### Prompt:
I'd like the full listing transcribed exactly, with no images included.

### Available data:
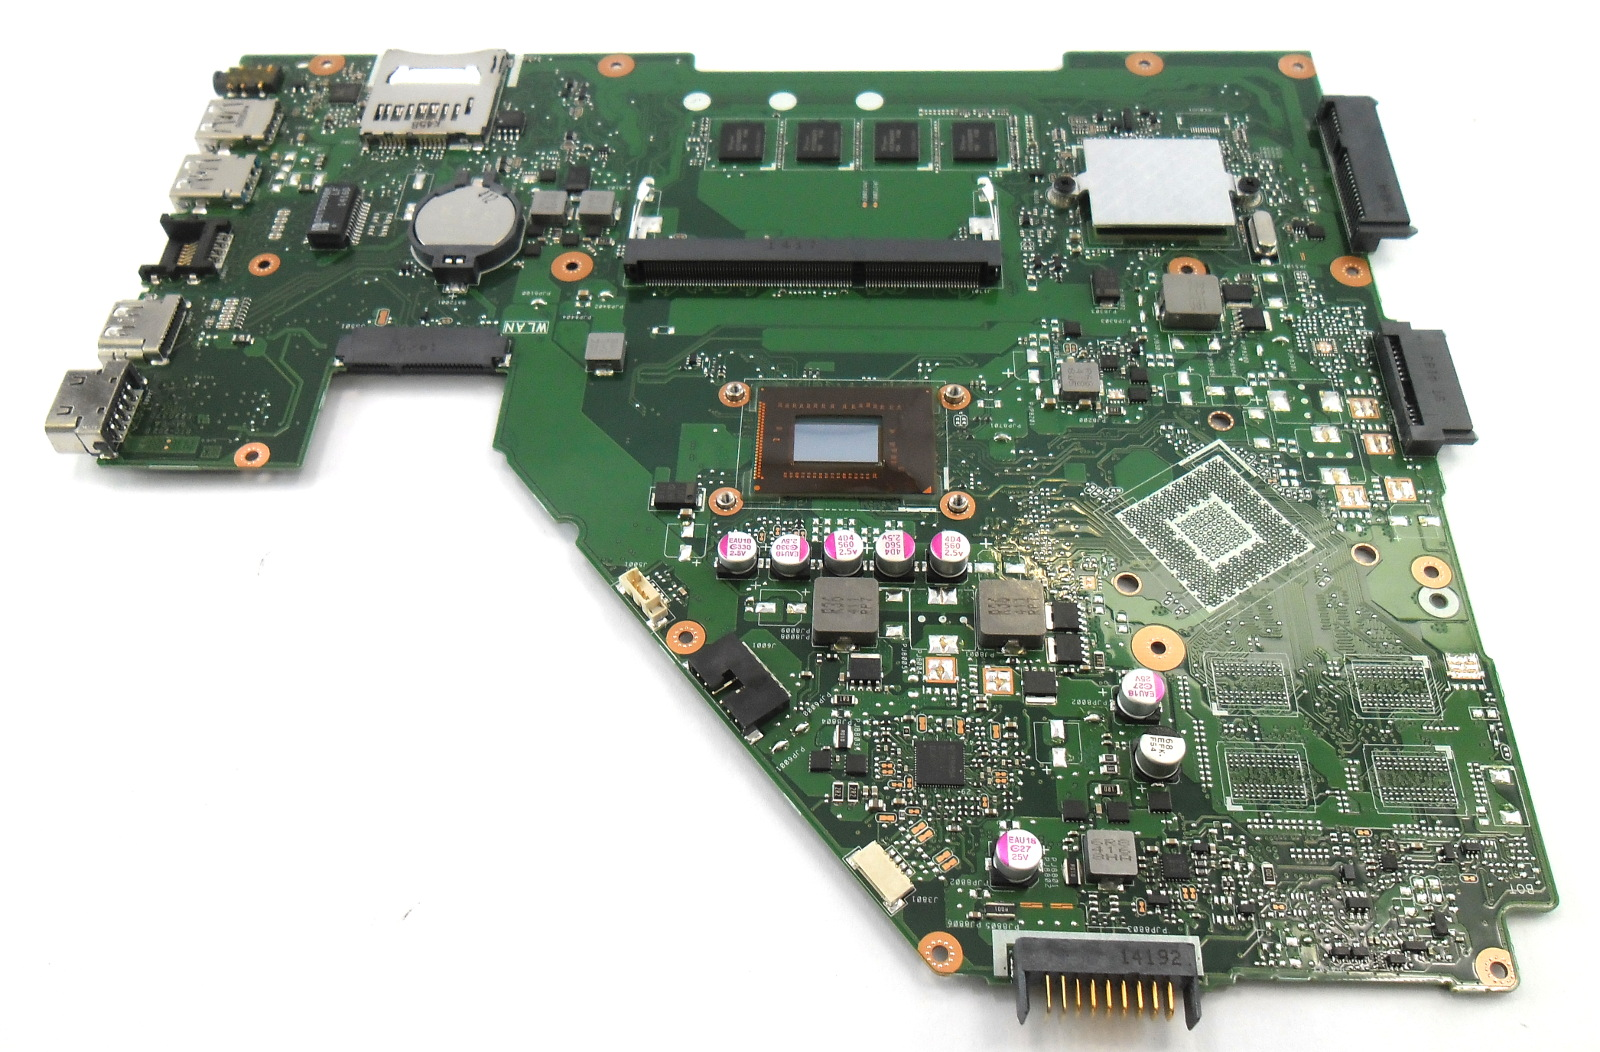 60NB00U0-MBH010 Asus X550CA Motherboard with Intel SR0N9 1.8GHz i3-3217U CPU
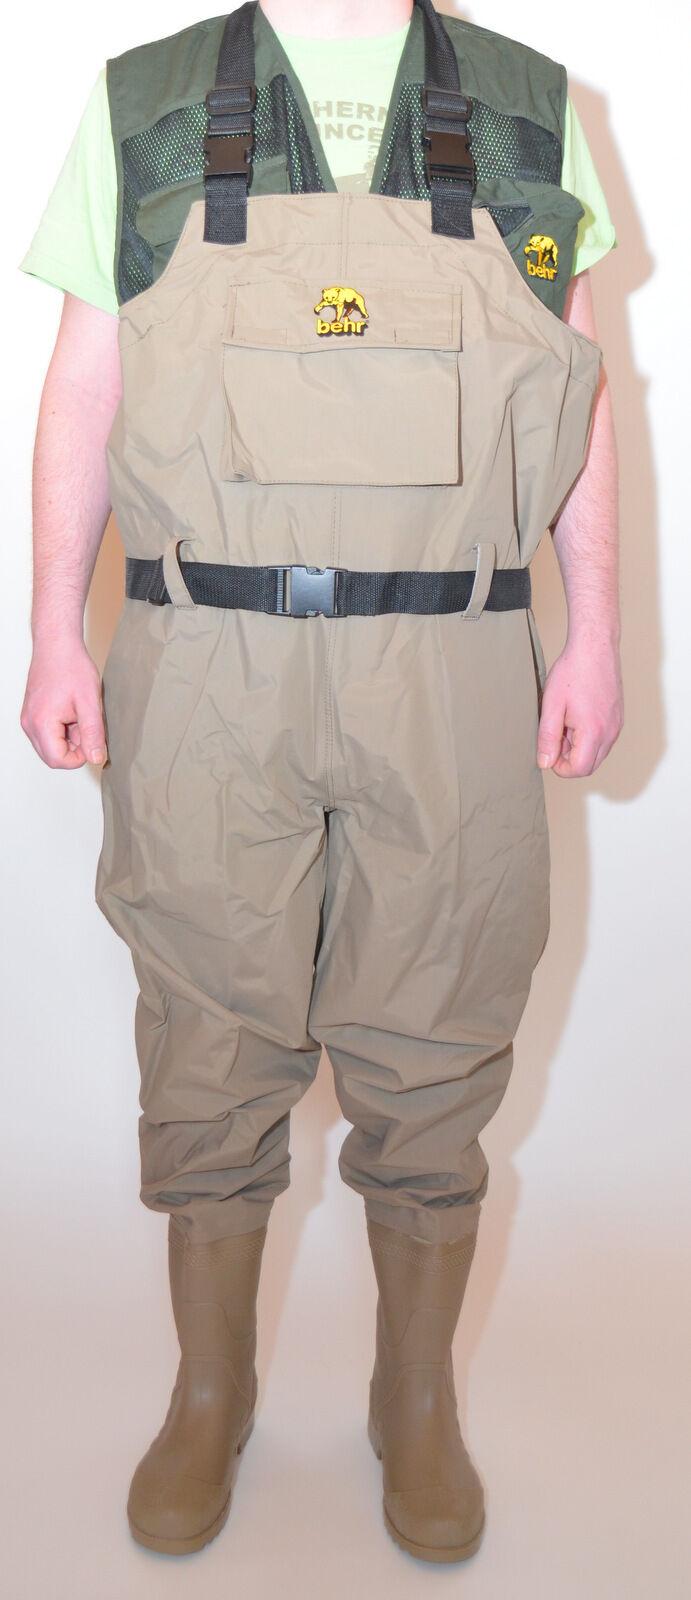 Behr Trendex EverDry Nylon PVC Wathose mit Stiefeln und Gummisohle Gummisohle Gummisohle in Gr. 39-48 cccf0d
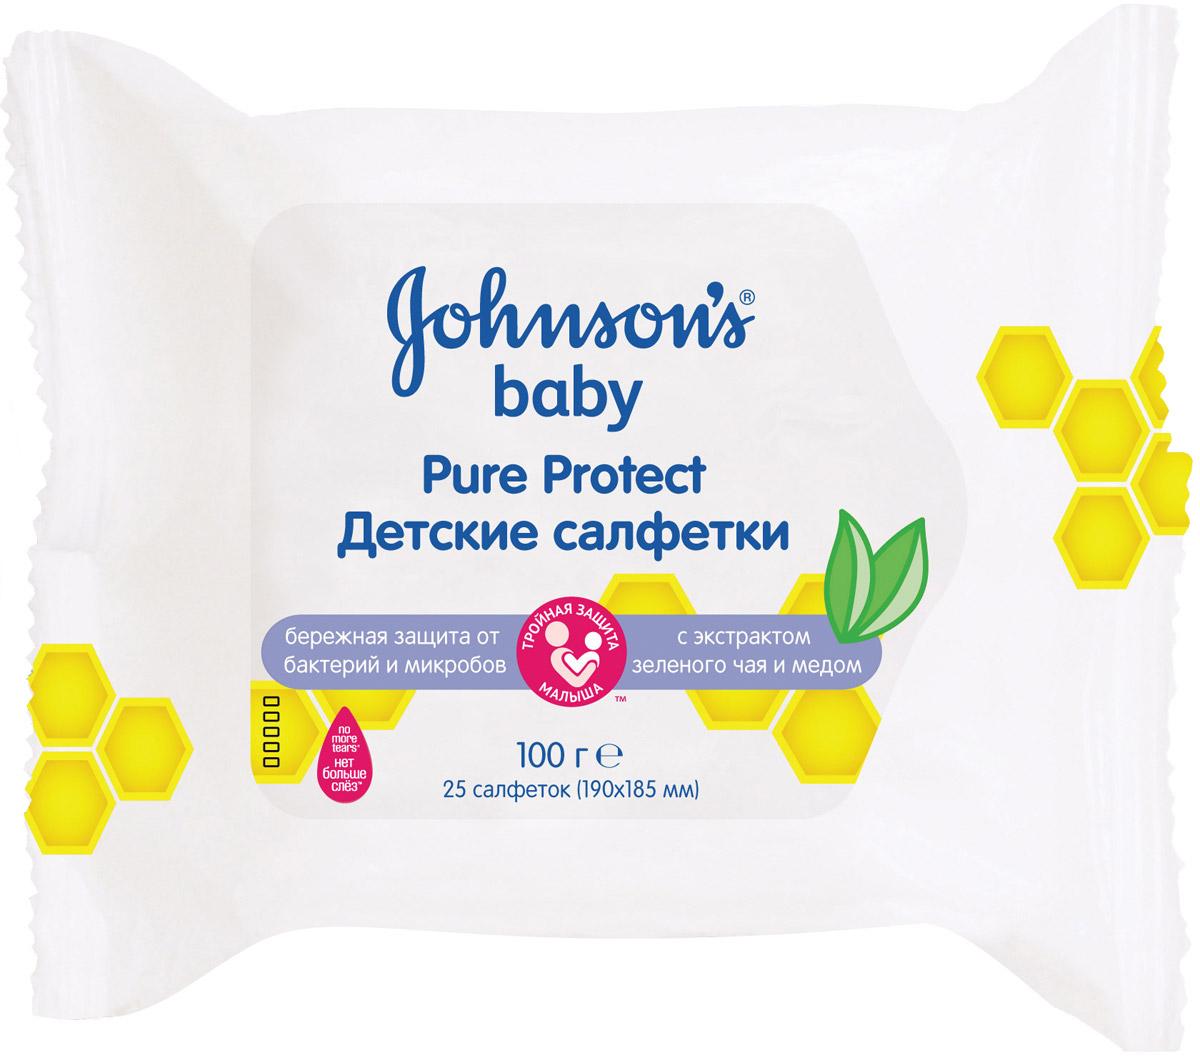 Johnson's baby Pure Protect Влажные салфетки 25 шт johnson s baby влажные салфетки для самых маленьких 128 шт подарок pure protect влажные салфетки детские 25 шт

### Answer for this exercise:
 60NB00U0-MBH010 Asus X550CA Motherboard with Intel SR0N9 1.8GHz i3-3217U CPU
 Behr Trendex EverDry Nylon PVC Wathose mit Stiefeln und Gummisohle Gummisohle Gummisohle in Gr. 39-48 cccf0d
 Johnson's baby Pure Protect Влажные салфетки 25 шт johnson s baby влажные салфетки для самых маленьких 128 шт подарок pure protect влажные салфетки детские 25 шт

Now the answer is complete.